Dozens of Telescopes Across Two Continents Try To Catch Glimpse of Kuiper Belt Object
By NASA // June 16, 2017
most challenging observayion campaign ever
ABOVE VIDEO: NASA’s New Horizons mission is just two years away from its next target, a small Kuiper Belt object that orbits nearly a billion miles beyond Pluto.
(NASA) – It was the most technically-challenging and complex stellar occultation observation campaign ever attempted: At least 54 observing teams with dozens of telescopes dispatched across two continents, positioned to catch a rare, two-second glimpse of a small, distant Kuiper Belt object passing in front of a star.
And it wasn’t just any KBO — it was the next flyby target of NASA’s New Horizons mission.

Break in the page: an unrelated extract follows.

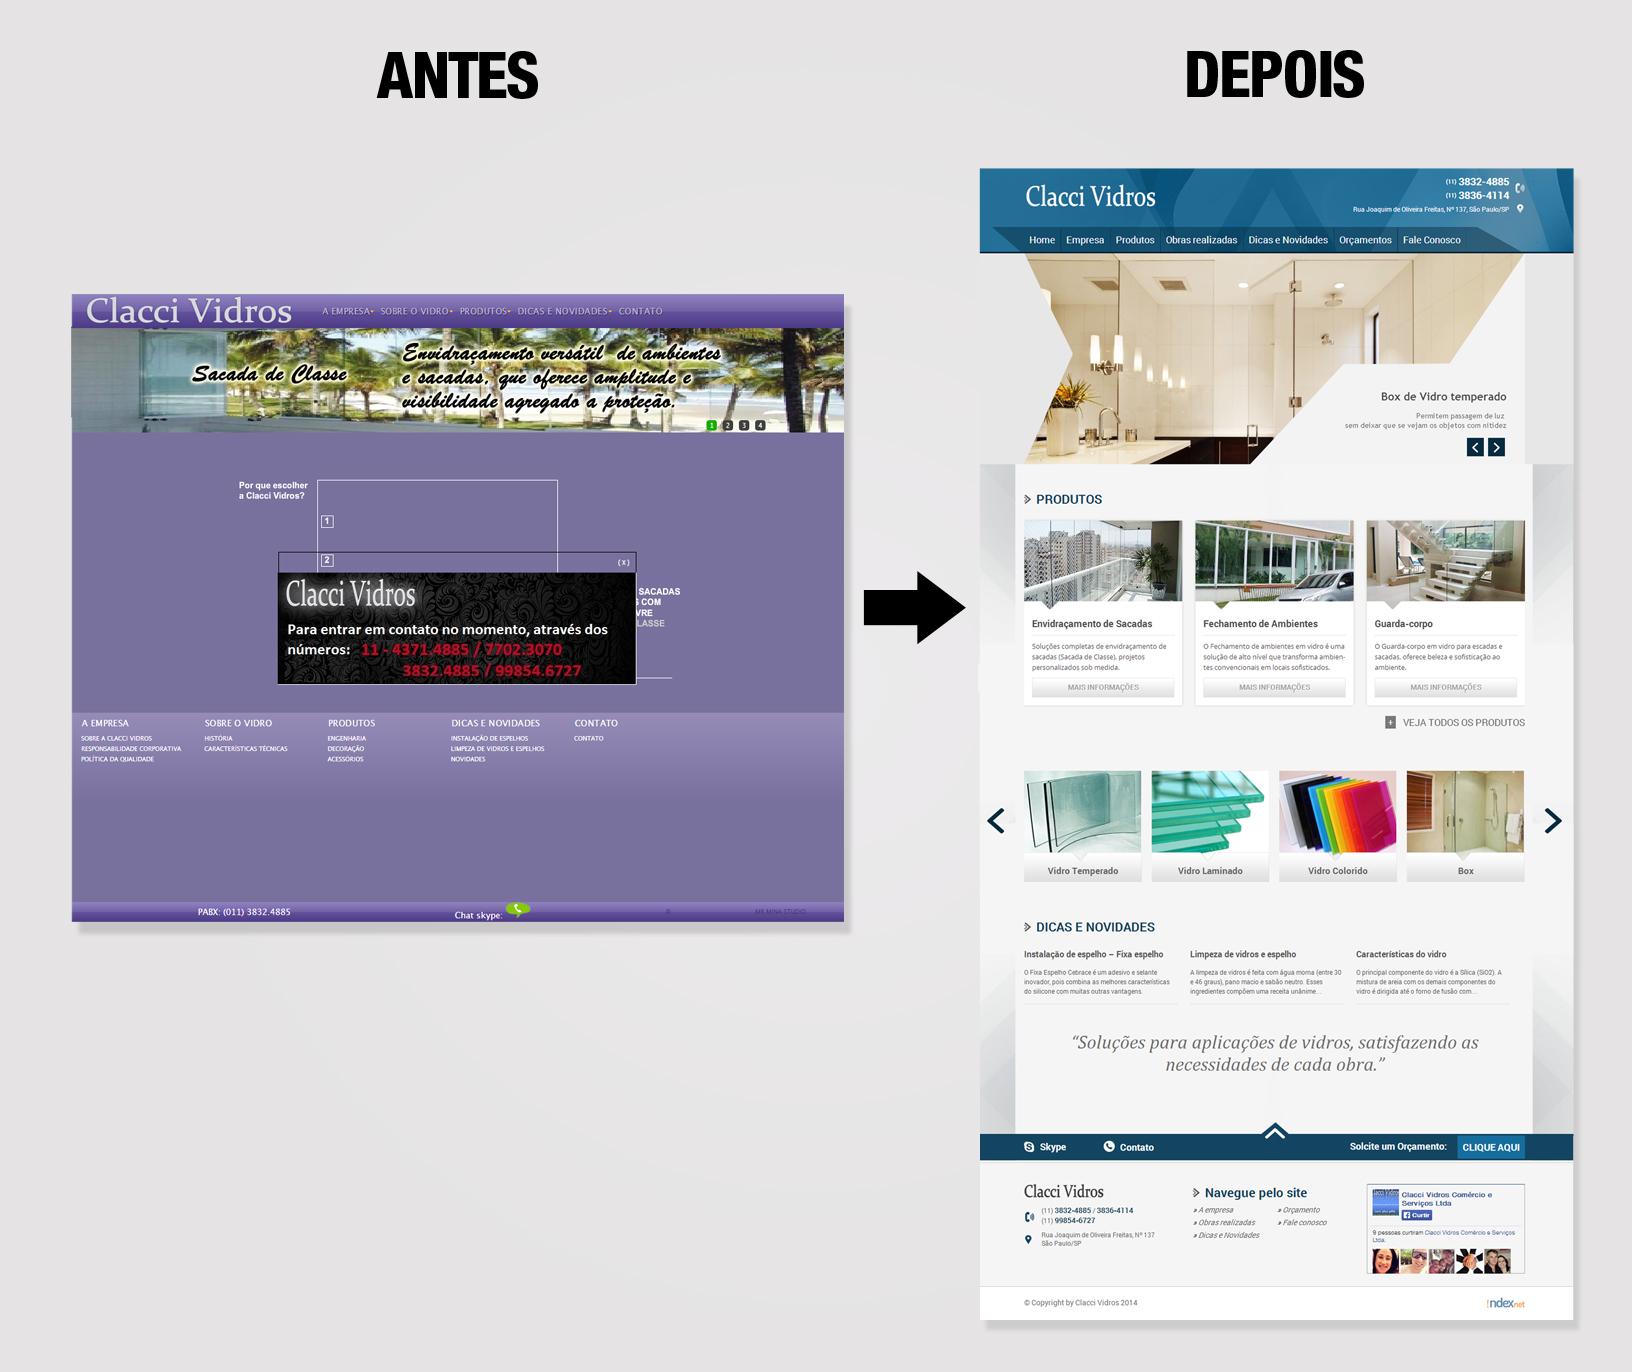 Reformulação de site - antes e depois clacci - Indexnet Publicidade Digital

Overnight on June 2-3, about two-dozen members of the New Horizons team and other observers in Argentina and South Africa were hoping to capture the fleeting starlit shadow of 2014 MU69, which the New Horizons spacecraft will explore in a flyby on New Year’s Day 2019.
“The stars aligned for this observing campaign, which was implemented expertly by the team,” said New Horizons Program Executive Adriana Ocampo at NASA Headquarters in Washington, D.C.
“It’s amazing how classical astronomy – from small telescopes to some of the most advanced observatories on Earth — is helping New Horizons plan its next flyby, and it shows how truly global space exploration is.”
All 54 telescope teams collected data, reported mission Principal Investigator Alan Stern, adding that team scientists started digging into that data when they returned home last week.